Dziś nikt nie jest w stanie podać dokładnej godziny powstania twierdzy, ale historycy wciąż uważają, że budowa rozpoczęła się nie później niż w VI wieku.
W tym czasie celem budowy Calamity była ochrona szlaków handlowych przed atakiem różnych wrogów.
Jak się tam dostać?
Do wioski Inkerman można dotrzeć wszelkimi dogodnymi środkami. Jeśli masz własny samochód, pomoże Ci nawigator. Możesz też pojechać tam pociągiem, autobusem, a nawet łodzią. Warto zaznaczyć, że wycieczka łodzią będzie dla turysty większa, gdyż odbędzie się ona w pobliżu Zatoki Sewastopolu.
Jeśli jedziesz autobusem, to Powinieneś rozpocząć swoją podróż od Sewastopola, dotrzeć do Vtormet, a następnie zorientować się na stacji benzynowej i zacząć wspinać się do kompleksu świątynnego.
Kiedy prowadzisz własny pojazd, powinieneś jechać na autostradzie E 105 lub M 18. Nad Czarną Rzeką zobaczysz zakręt w prawo, gdzie zobaczysz fortecę.
Wniosek
Wielu turystów, którzy nie bez powodu odwiedzili twierdzę Kalamita uważa, że jest to niezwykle ciekawe miejsce o bogatej historii.
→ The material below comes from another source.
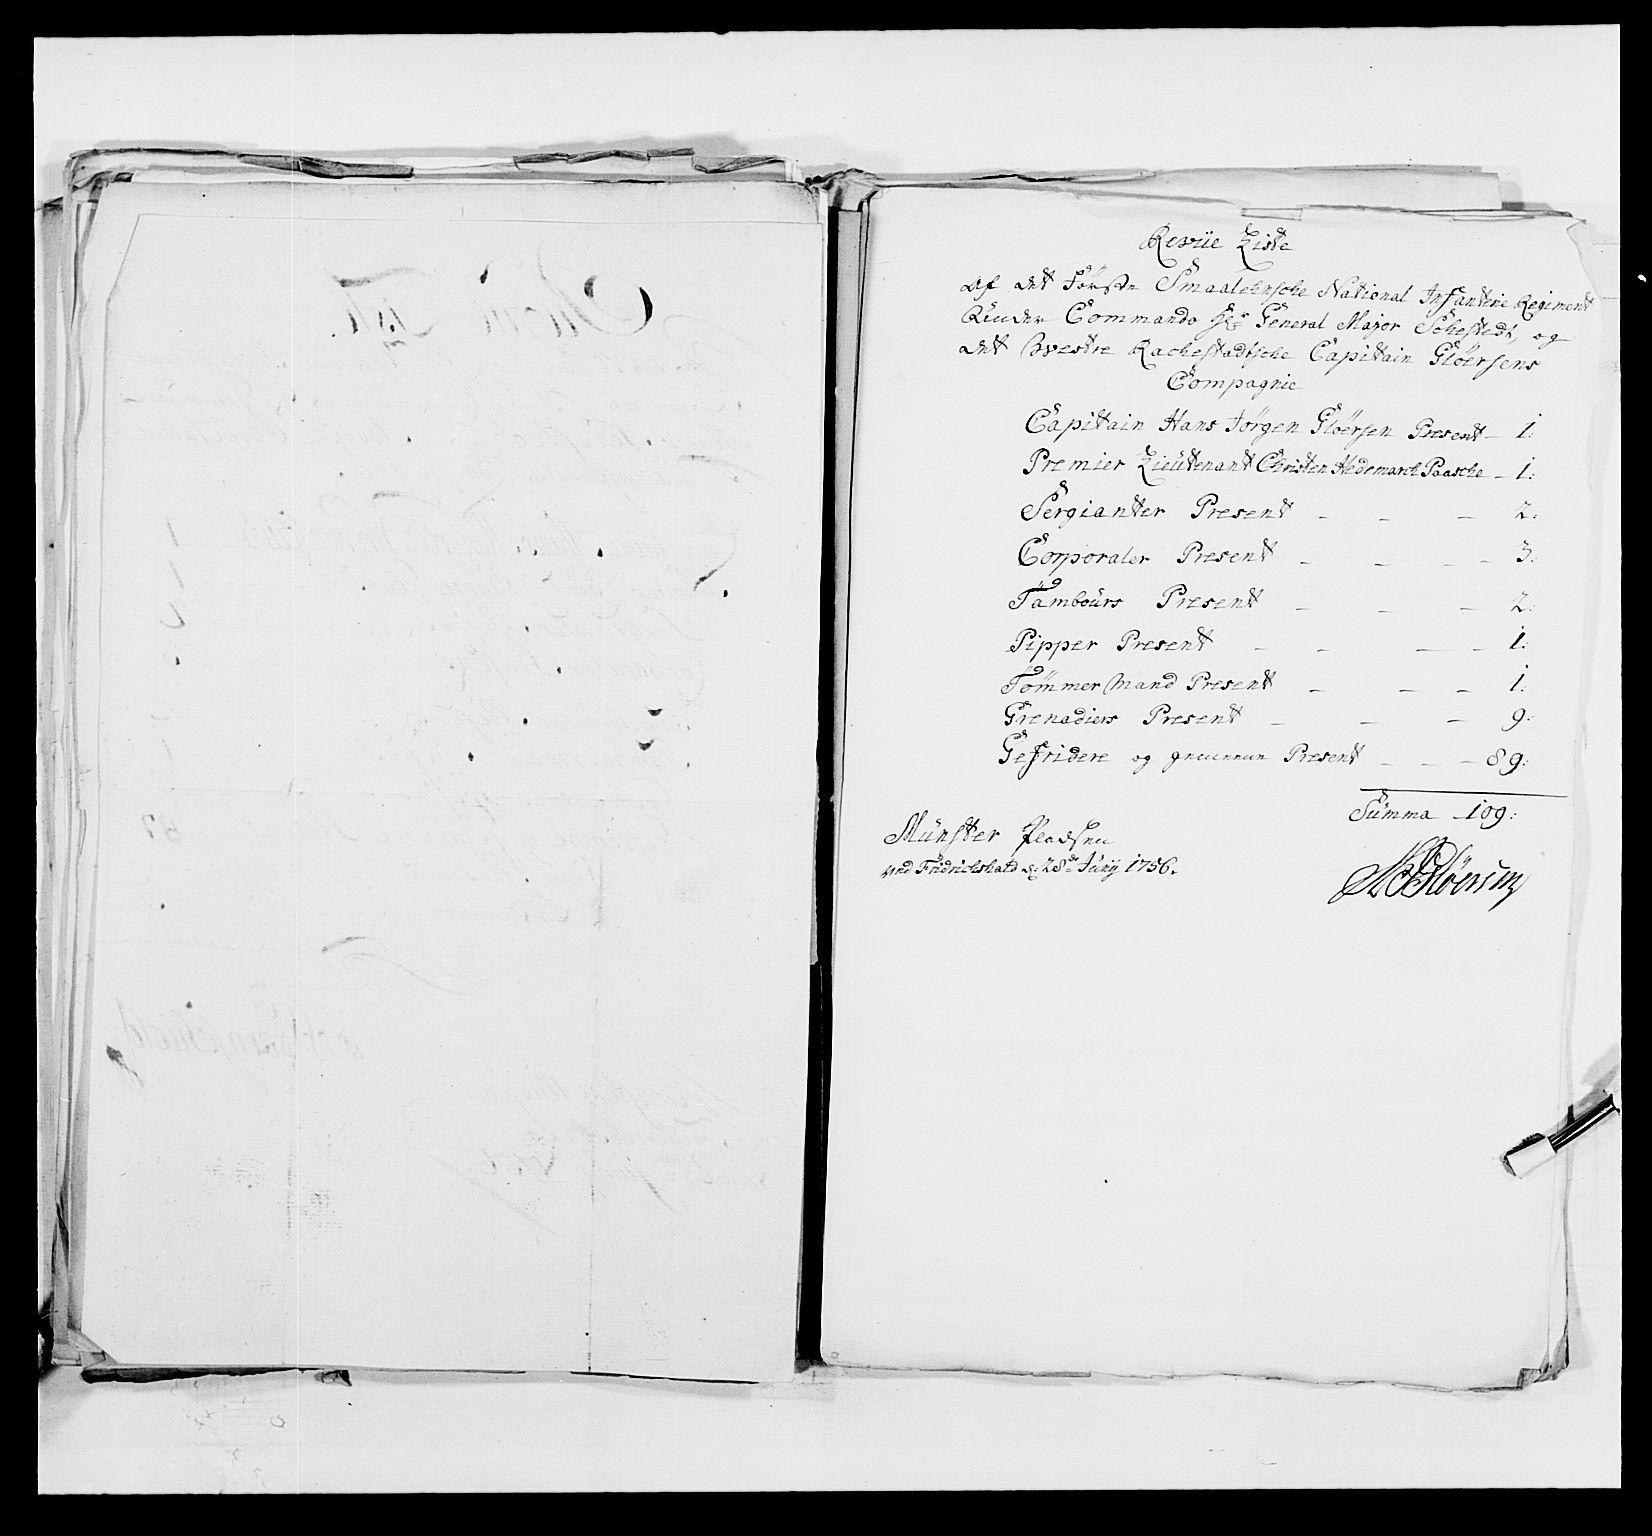 RA, Kommanderende general (KG I) med Det norske krigsdirektorium, E/Ea/L0495: 1. Smålenske regiment, 1732-1763, s. 623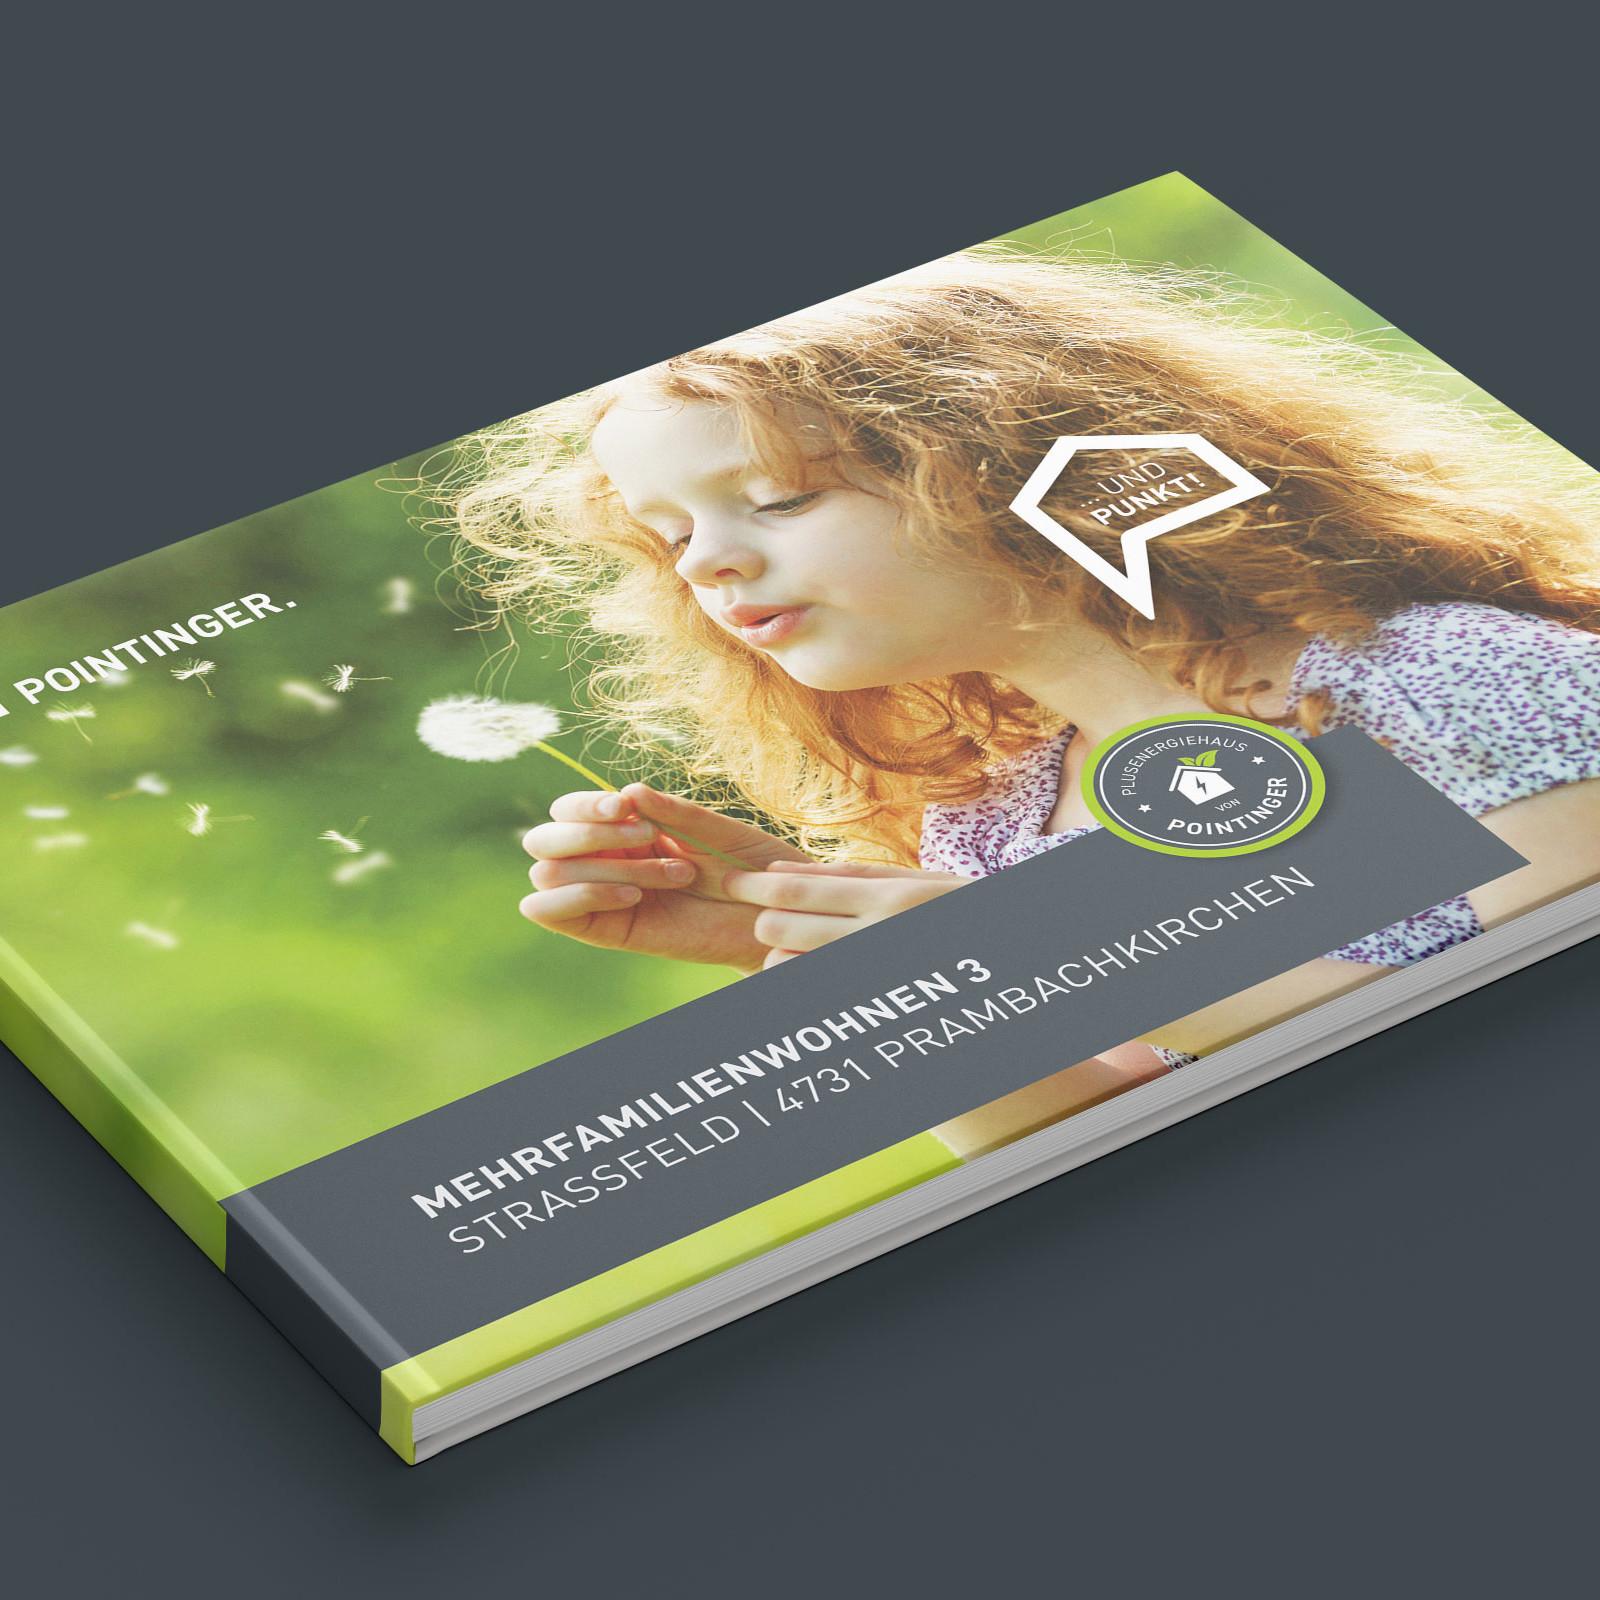 Projektbuch von Pointinger als Vorlage für das Projektvideo

Chociaż niewiele z tego zostało, nadal należy je odwiedzić. To w tym miejscu można dotknąć pozostałości minionej epoki i podziwiać hipnotyzujące widoki, które otwierają się z klifu.
A także turyści mogą odwiedzić kompleks klasztorny. Możesz odwiedzić takie miejsce, zwiedzać ruiny średniowiecznej fortecy na własną rękę lub z pomocą przewodnika.
Jeśli znajdziesz się na Krymie, po prostu musisz wybrać się na wycieczkę do twierdzy, a także do samego klasztoru. Koszt wycieczki w tym ostatnim to nie więcej niż 100 rubli.
Ponadto sprzedają herbaty ziołowe, które można kupić na pamiątkę.
Możesz spojrzeć na fortecę Kalamita (Inkerman) na poniższym filmie.